Treetop: Packrat Parser Generator for Ruby

Hey LtU. I learned about parsing expression grammars on this site, so I wanted to share what I've done with them. Treetop combines the fact that PEGs are closed under composition with Ruby's mixin semantics, equating grammars with modules that can include one another and override each other's rules with access to the `super` keyword. I think a lot of the ideas within it have been invented in parallel within some other frameworks in the year I have been writing it, but I nonetheless think it offers an expressive set of features in a usable package.

Comment viewing options

Select your preferred way to display the comments and click "Save settings" to activate your changes.

PEGs are awfull

They [PEGs] are a simple but powerful generalization of regular expressions that are easier to work with than the LALR or LR-1 grammars of traditional parser generators.

Ordered choice becomes a real pain as the language grows. Everyone using regexps for tokenizers has the problem right now. Finding the right ordering for the token pattern in a tokenizer of a medium sized language becomes a lengthy and tedious trial & error game.

Growing pains

Ordered choice becomes a real pain as the language grows

Is there any formal grammar system that doesn't cause pain as the language grows? If so, I haven't used it.

Do you want to make a

Do you want to make a statement or do you just want to say something?

I think you're being asked

I think you're being asked for alternatives that don't exhibit this or similar problems, and perhaps an explanation of how they're avoided.

PEGs Seem Desirable, But Are They Usable for Large Projects?

Everything I've read about PEGs seems desirable from a PL design perspective, starting with their ability to handle tokenization, but I haven't tried to construct a large grammar with one yet.

Has anyone personally tried writing grammars for moderate to large languages using them?

Did they run into trouble getting the rule order right as Kay suggests and are there any particular language constructs that have caused the most difficulty in that regard? Maybe Kay could give us some examples of rule ordering problem.

Ordered choices

Ordered choice gives you some work. Other than in the context free case ( BNF ) where A|B commutes [1], ordered choices forces you to place the pattern for longer matches before those for shorter ones. There is no way to achieve this automatically.

My prime example is the tokenizer for Python which uses regular expressions. Python has ~50 different token that will be recognized by the parser. Some of them have substructures e.g. the NUMBER token which is an opaque representation of all kinds of numerals e.g. ints, floats, exponentials etc.

Suppose you want to introduce a new pattern for recognition of IP addresses ( according to IPv4 ). You'd like to make IP addresses literal expressions in your DSL that extends Python. You can't provide an API to the programmer where she just specfies a new token and adds it to the set of token definitions but she has to care for the correct position of the corresponding pattern in a huge regular expression; otherwise localhost 127.0.0.1 will be splitted into '127.0', '.', '0.1' i.e. two float literals and a dot.

The tokenizer.py module of Pythons standard library gives a nice illustration. All relevant regular expressions are defined and also the grouping. One can tinker around with it and transform e.g. the ordered choice:

PlainToken = group(Number, Funny, String, Name)

into

PlainToken = group(Funny, Number, String, Name)

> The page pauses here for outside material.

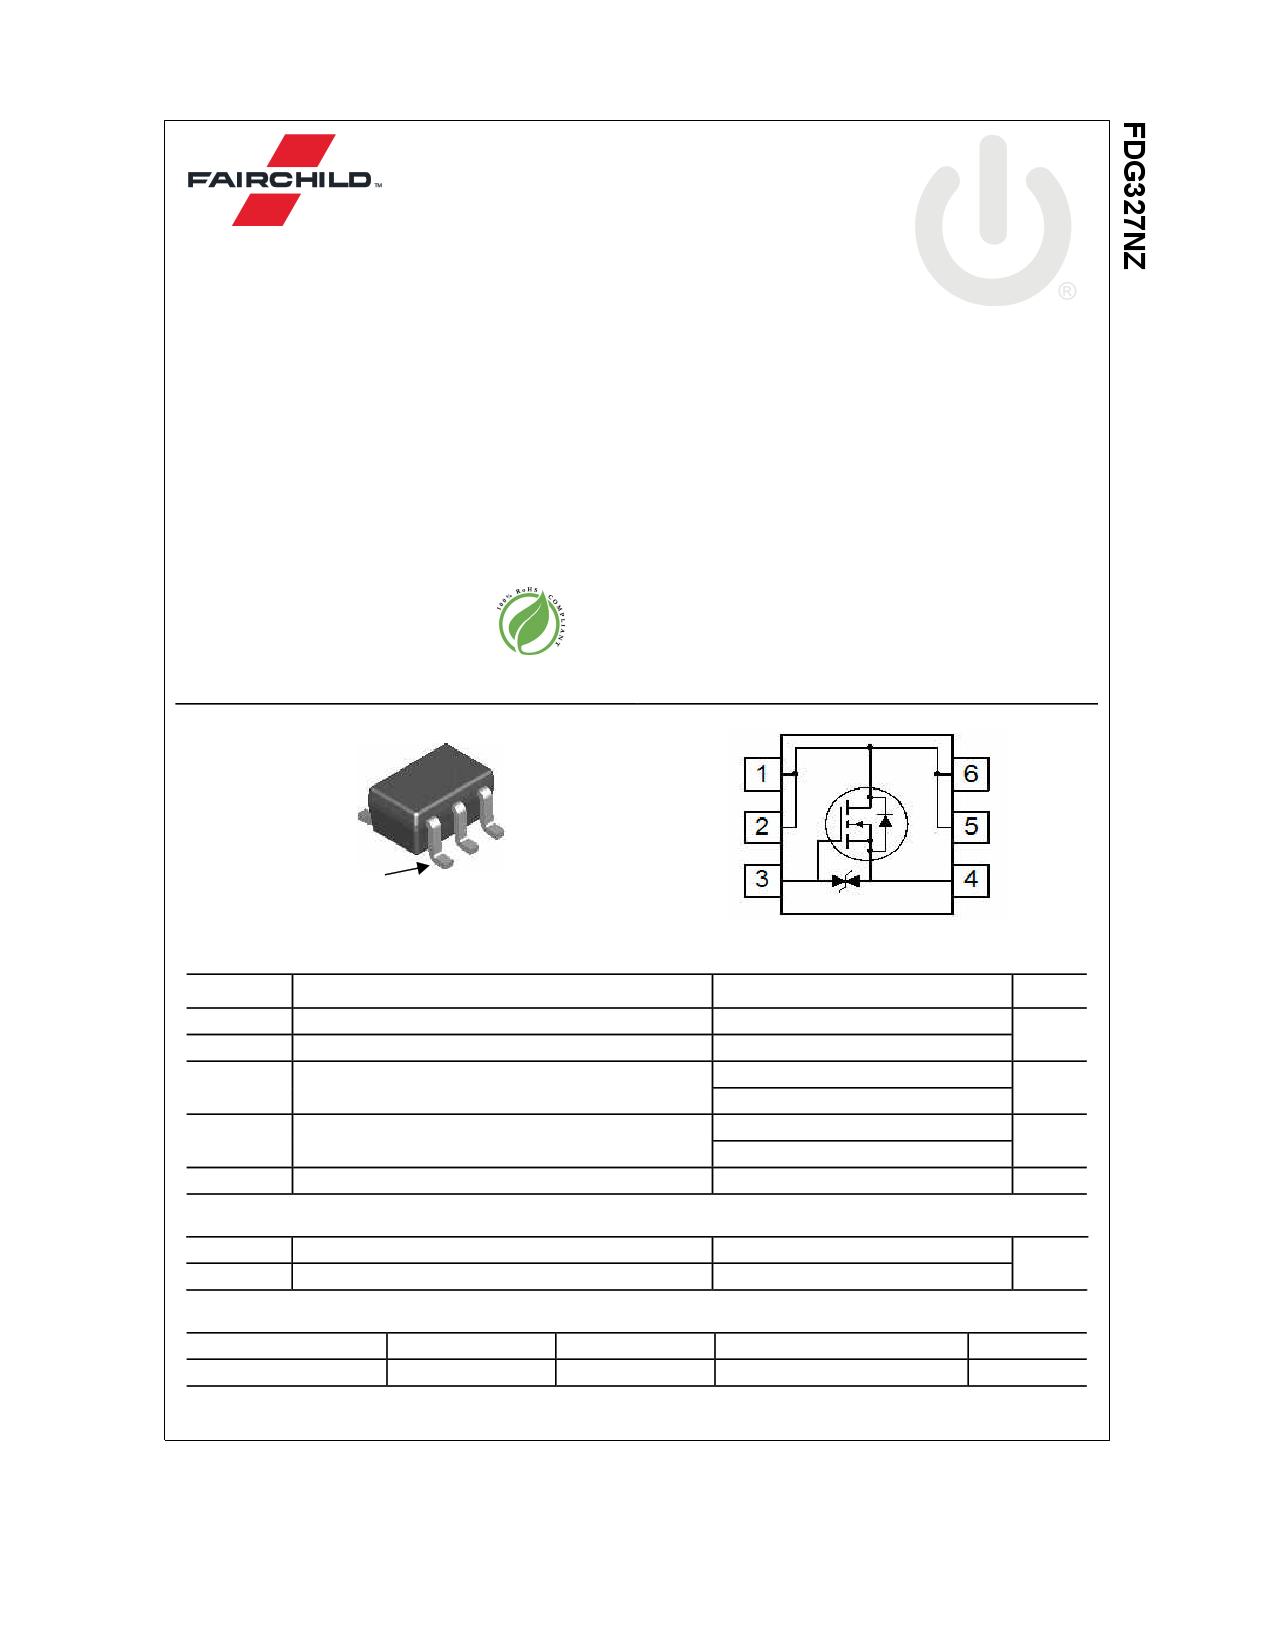 FDG327NZ 데이터시트 및 FDG327NZ PDF

and see what happens ( don't know if this particular permutation causes havoc but some do for sure ).

[1] I don't want to leave the impression that (E)BNF is without problems. It's just not fair to say that PEGs solve them and finally load more work on the user at other places.

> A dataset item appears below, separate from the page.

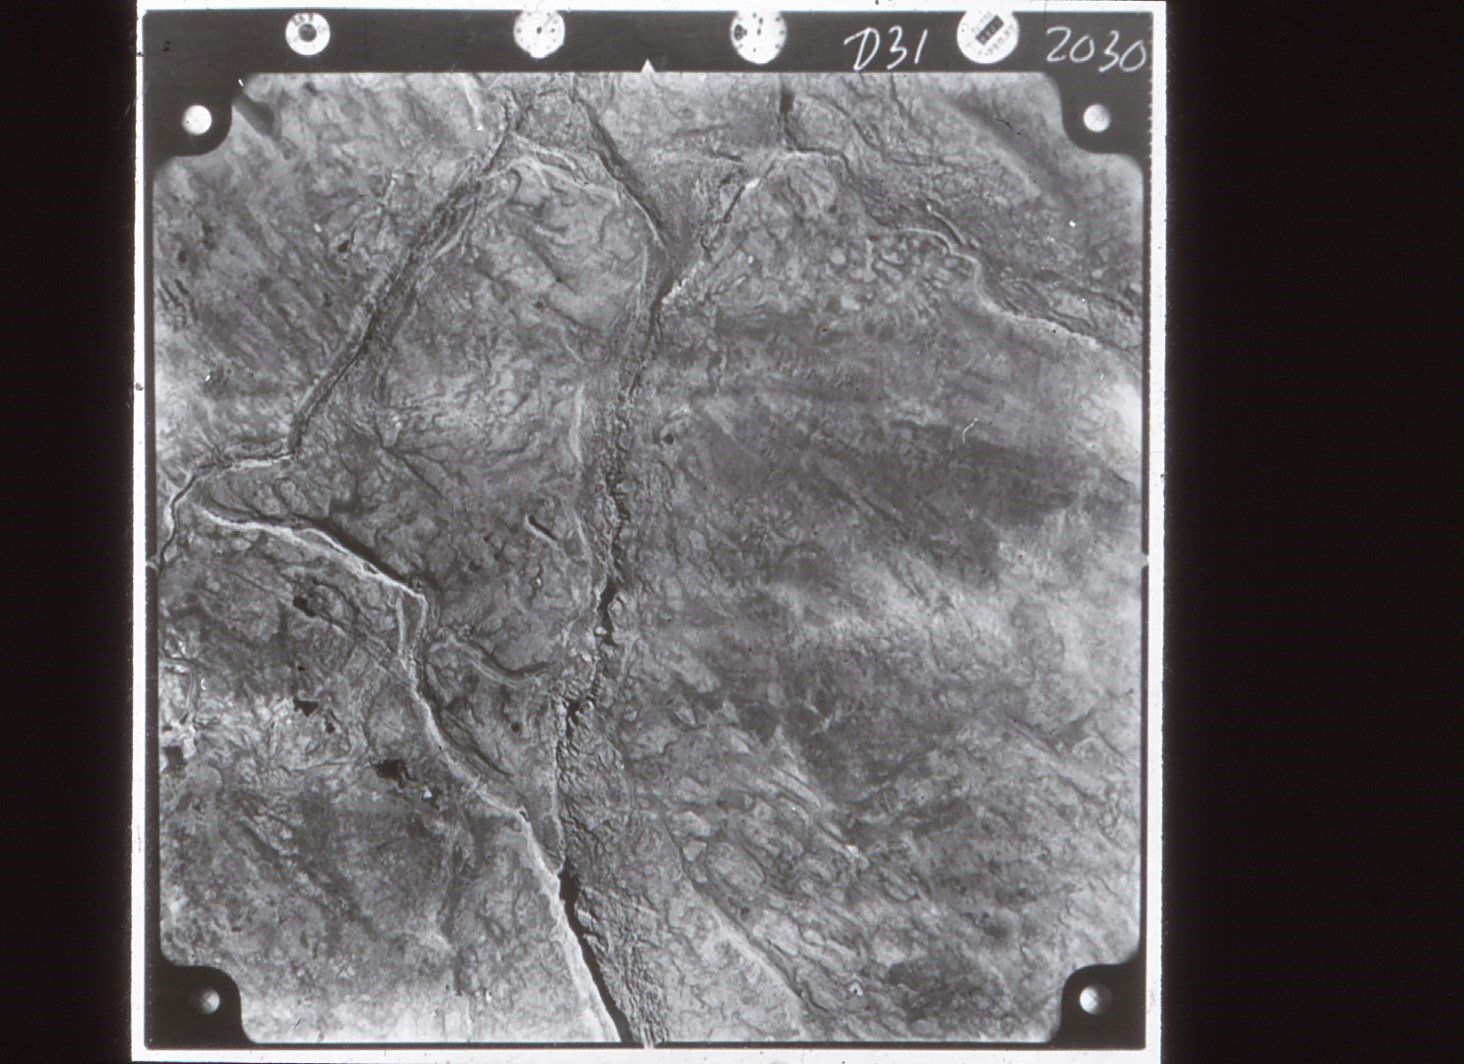 953a Luchtfoto van deze canyon

EBNF doesn't fix it either

EBNF doesn't fix it either though, you just end up with ambiguity which still needs resolving.

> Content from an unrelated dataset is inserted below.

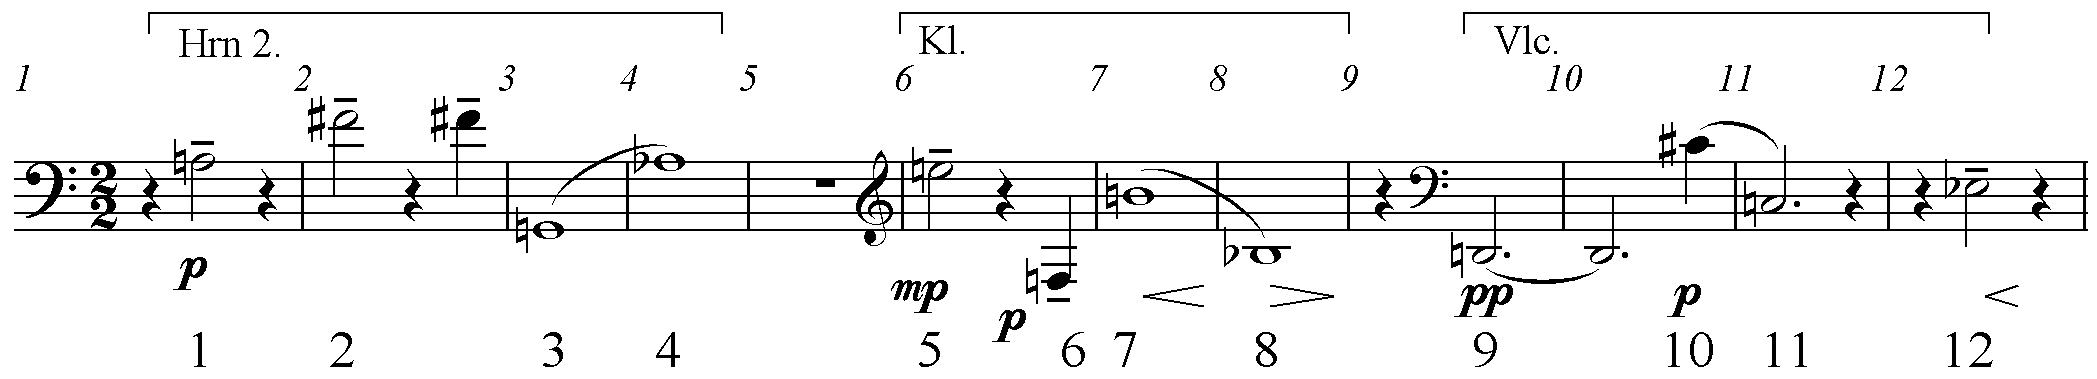 Webern Symphony Ex02.png

That said, I'm using a separate lexing pass with Parsec these days (admittedly partly because that lets me implement layout).

Longest match fixes

There are always one or more hungry state machines and each of them wants to eat as much characters as it can according to its specification ( production rule ). The one with the most appetite is allowed to build the token. This resolves the ambiguity. The lexer will always prefer producing IP_ADDRESS over FLOAT DOT FLOAT even if the latter is a valid token sequence accepted by the parser.

So longest match is a dumb but effective and often even sufficient disambiguation strategy. There are of course cases where it is
inadequate but then individual and context sensitive parsers as for C are likely needed.